The CDS was an innovative financial technology that revolutionized the
way credit changes hands. A CDS is a financial agreement between two
parties to exchange the credit risk of a reference entity or issuer.
The buyer of CDS pays a periodic premium for which it purchases credit
protection on a specified, notional amount of exposure. In the event
the reference entity faces a credit event - typically a bankruptcy,
failure to pay, or restructuring - the owner of credit protection
receives a windfall profit. In terms of exposure, a buyer of CDS is
short the credit risk of the reference issuer. Conversely, the seller
of protection assumes a risk comparable to owning the reference bond;
the seller receives a premium for taking risk but suffers large losses
in an event of default. Thus, the CDS market is a zero sum game
between the buyers and sellers of protection.

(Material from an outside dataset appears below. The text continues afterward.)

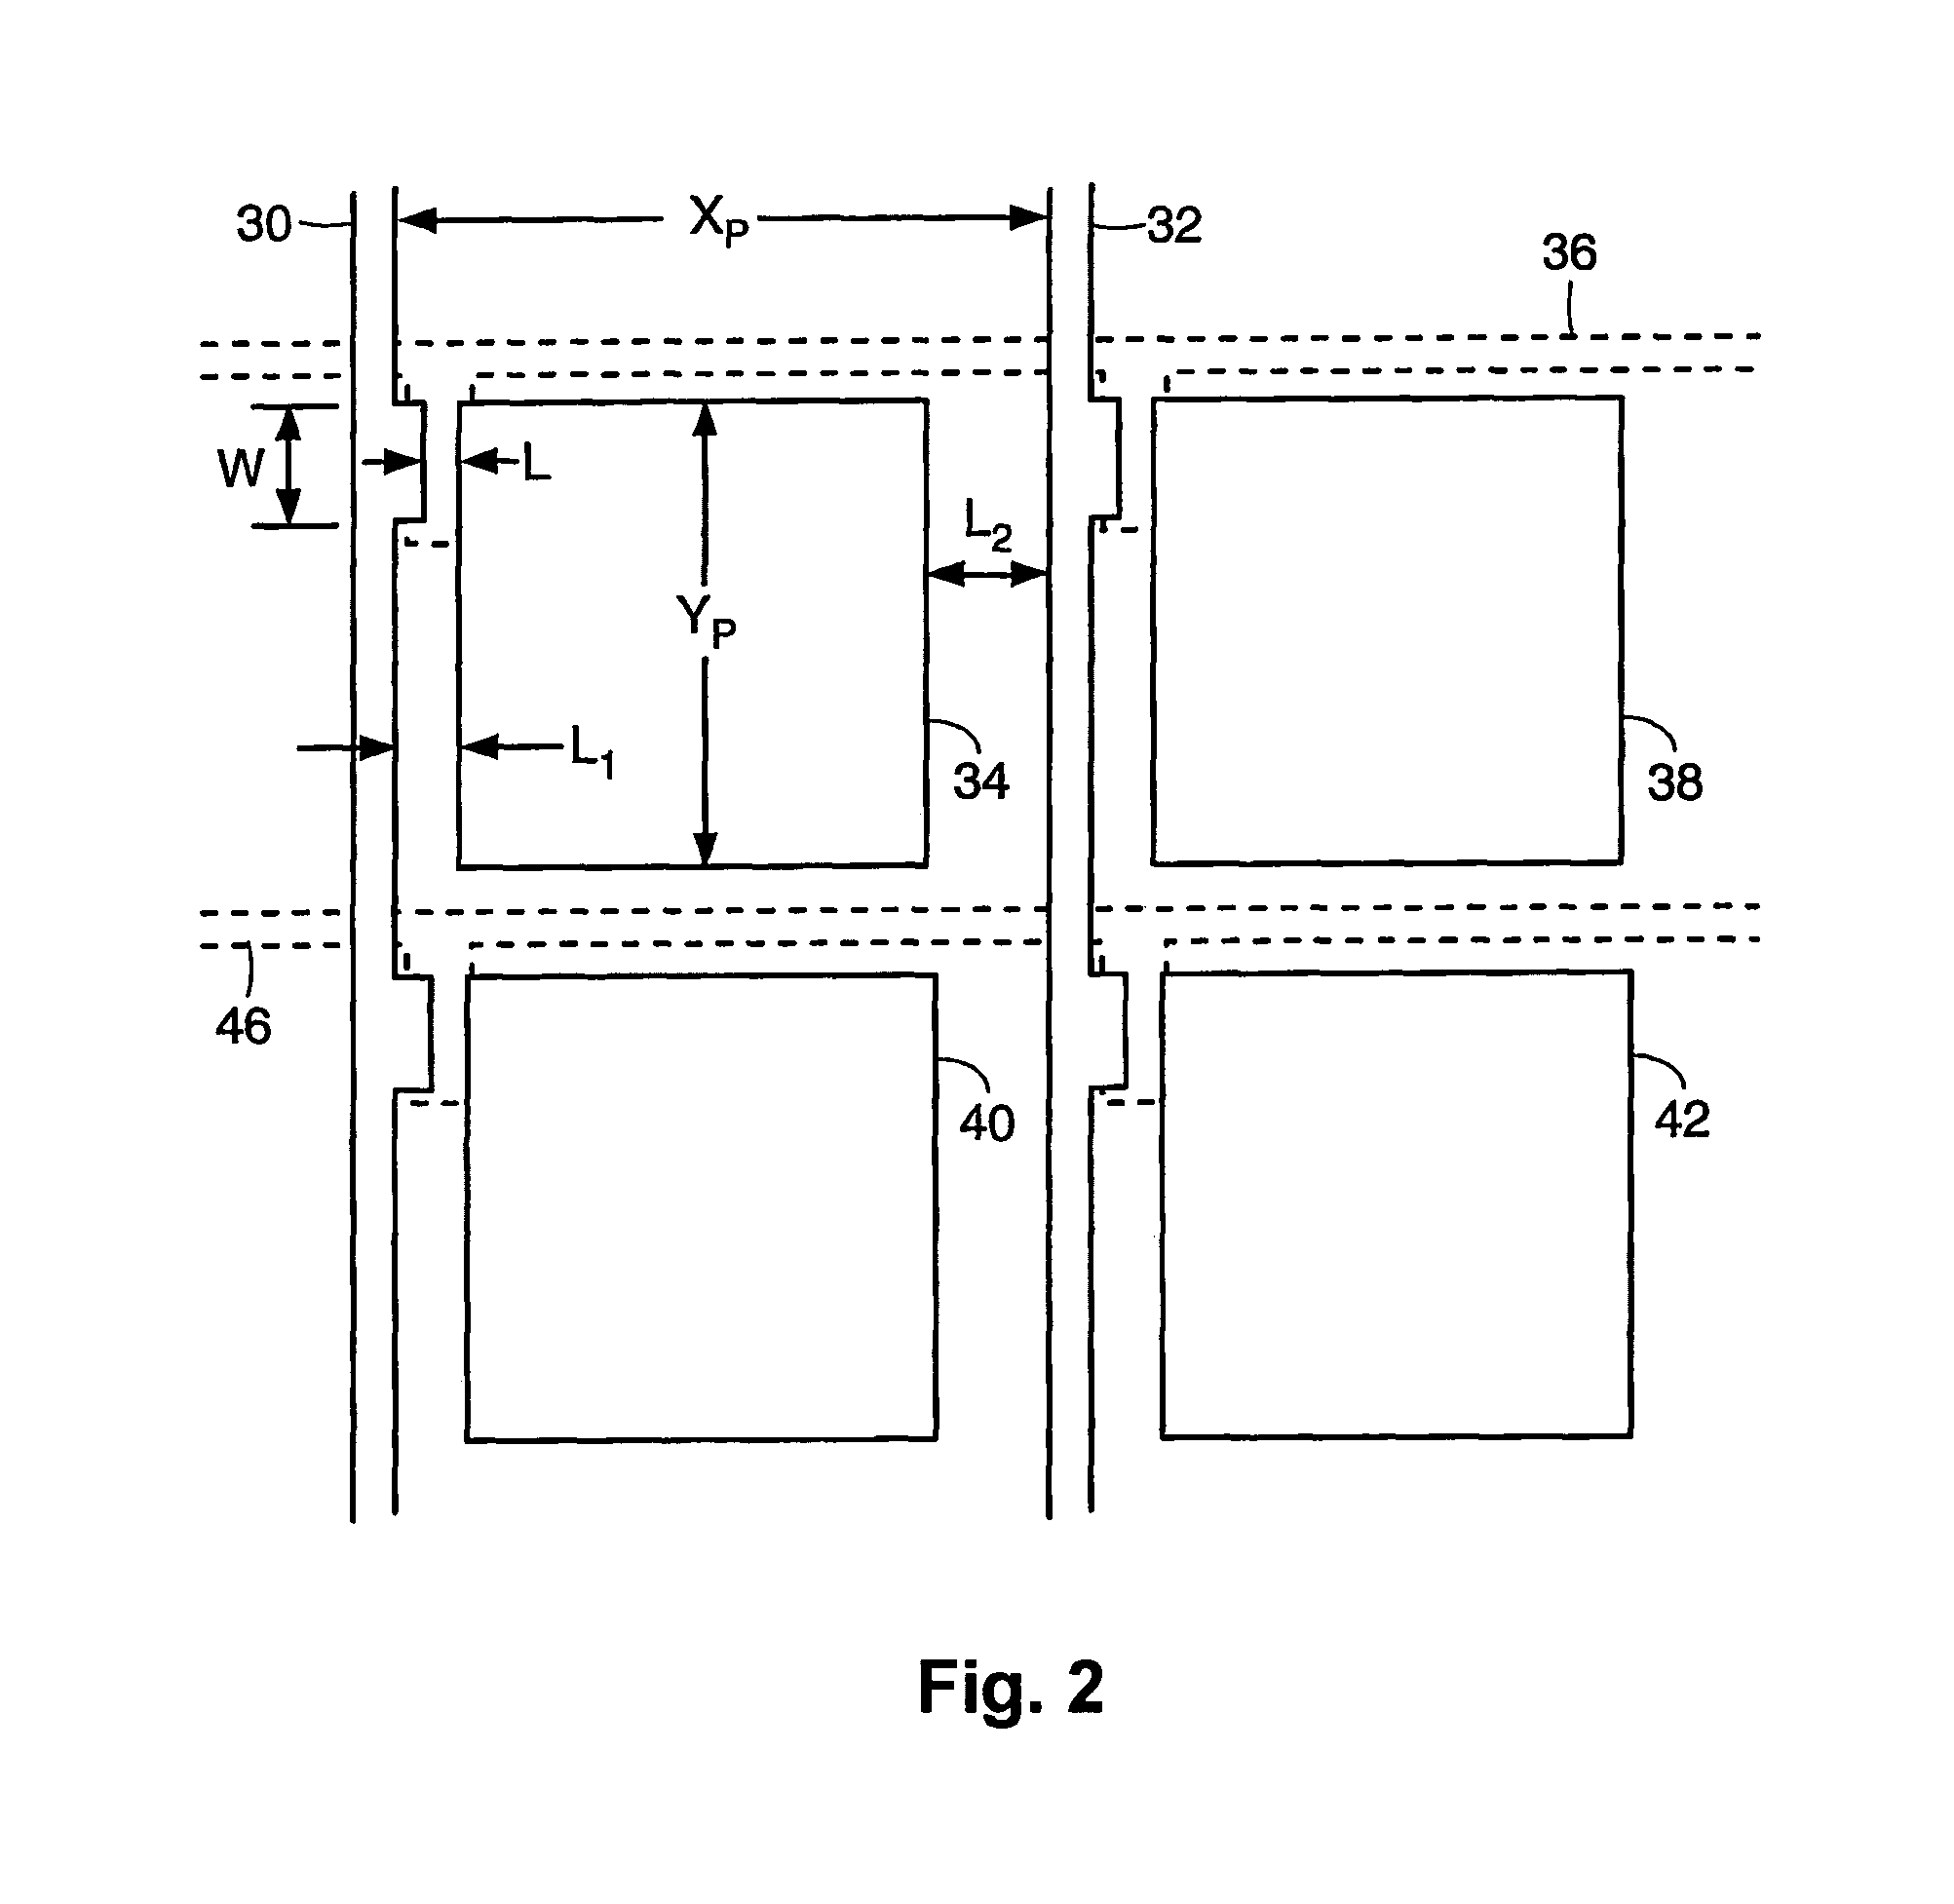 Minimally-patterned semiconductor devices for display applications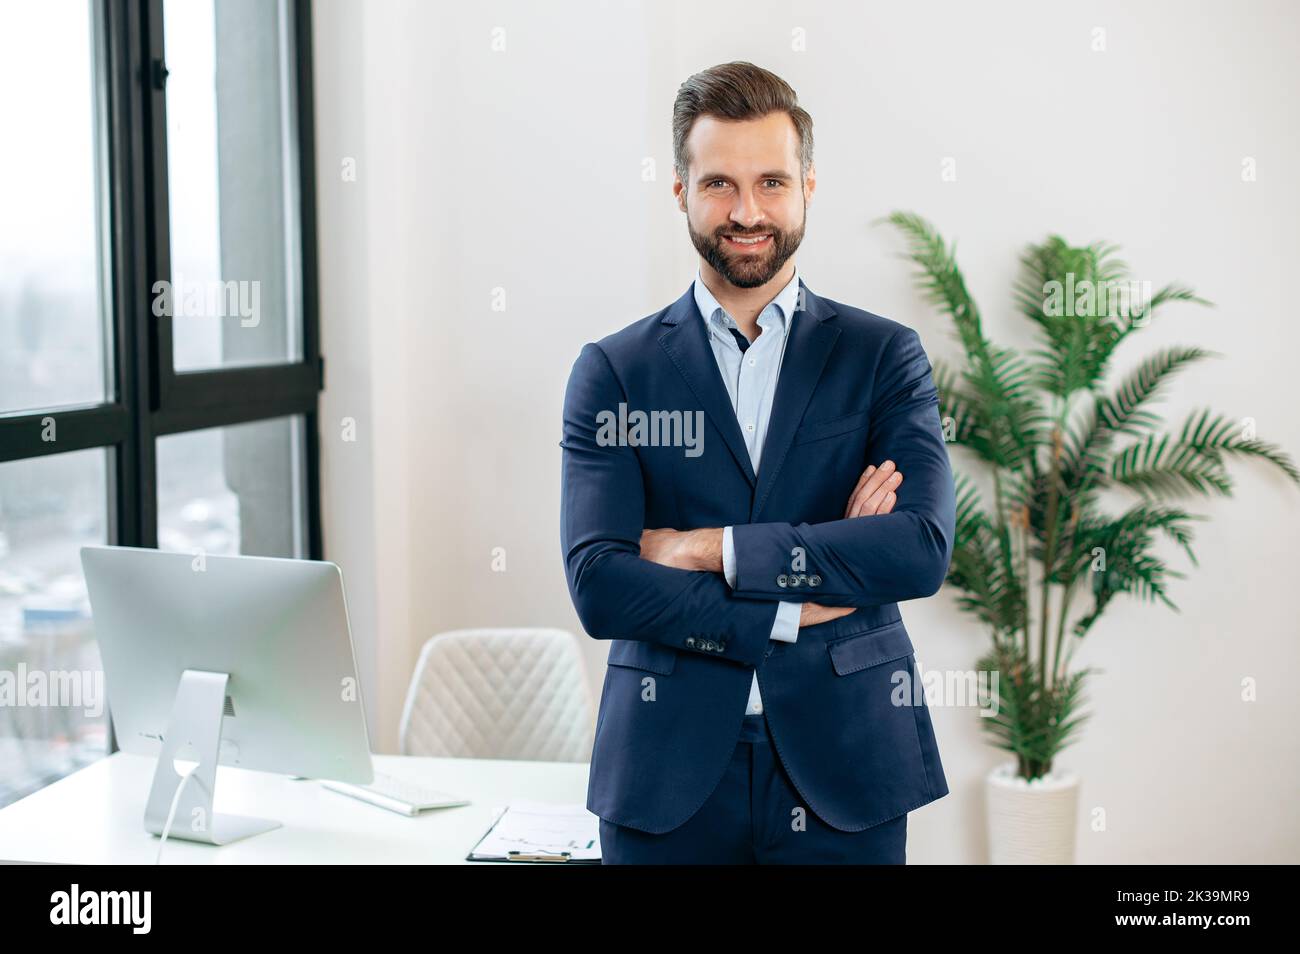 Portrait of a handsome confident elegant successful caucasian bearded man, in a suit, top manager, company ceo, financial director, stand in the office, arms crossed, looking at the camera, smiling Stock Photo

While new to the credit markets a decade ago, CDS has roots in
generations of related financial contracts. A CDS closely resembles an
insurance contract in which the seller receives a premium and suffers
losses of up to the notional amount in the event a low probability
default occurs within the term of the agreement. If the market
properly handicaps the probability of default, the premium on CDS
should equal the yield spread of a corporate issue over Treasuries
after taking into account funding costs.

CDS also share characteristics with put options. Buyers of put options
pay a small premium and have the opportunity to make a large sum
should the underlying stock fall precipitously. However, unlike
options that trade on organized exchanges, CDS transact only between
two counterparties, carrying an additional counterparty risk absent in
listed options markets.
Credit Default Swaps in Practice

CDS loosened the reigns on the rigid credit markets and introduced a
dizzying array of new applications to trade credit. For the first
time, bank loans traded actively in the secondary market, and
investors shorted debt across the credit spectrum for a modest cost.
[iv] Investment banks created a host of indexes to replicate broad
exposure to the loan and bond markets, further augmenting the menu of
hedging alternatives. CDS are commonly used to reference single-name
credits, indexes of credit baskets, and synthetic exposure in other
financial technologies such as collateralized debt obligations
("CDOs") and collateralized loan obligations ("CLOs"). Each of these
broad categories comprises roughly one-third of the total notional
amount of outstanding CDS.[v]

The introduction of CDS coincided with a favorable economic climate
for creditors and debtors. Since the nadir of the last credit cycle in
2002, creditors had a uniformly positive lending experience with
virtually no defaults. The CDS market blossomed and the issuance of
credit expanded, untethered by considerations of risk. From a modest
infancy, the notional value of CDS today surpasses the amount of
underlying cash bonds by an order of magnitude.[vi] CDS contracts now
total $45.5 trillion of outstanding credit risk, growing an amazing
nine-fold in the last three years alone. Putting such a large number
in some perspective, $45 trillion is almost five times the U.S.
national debt and more than three times U.S. GDP.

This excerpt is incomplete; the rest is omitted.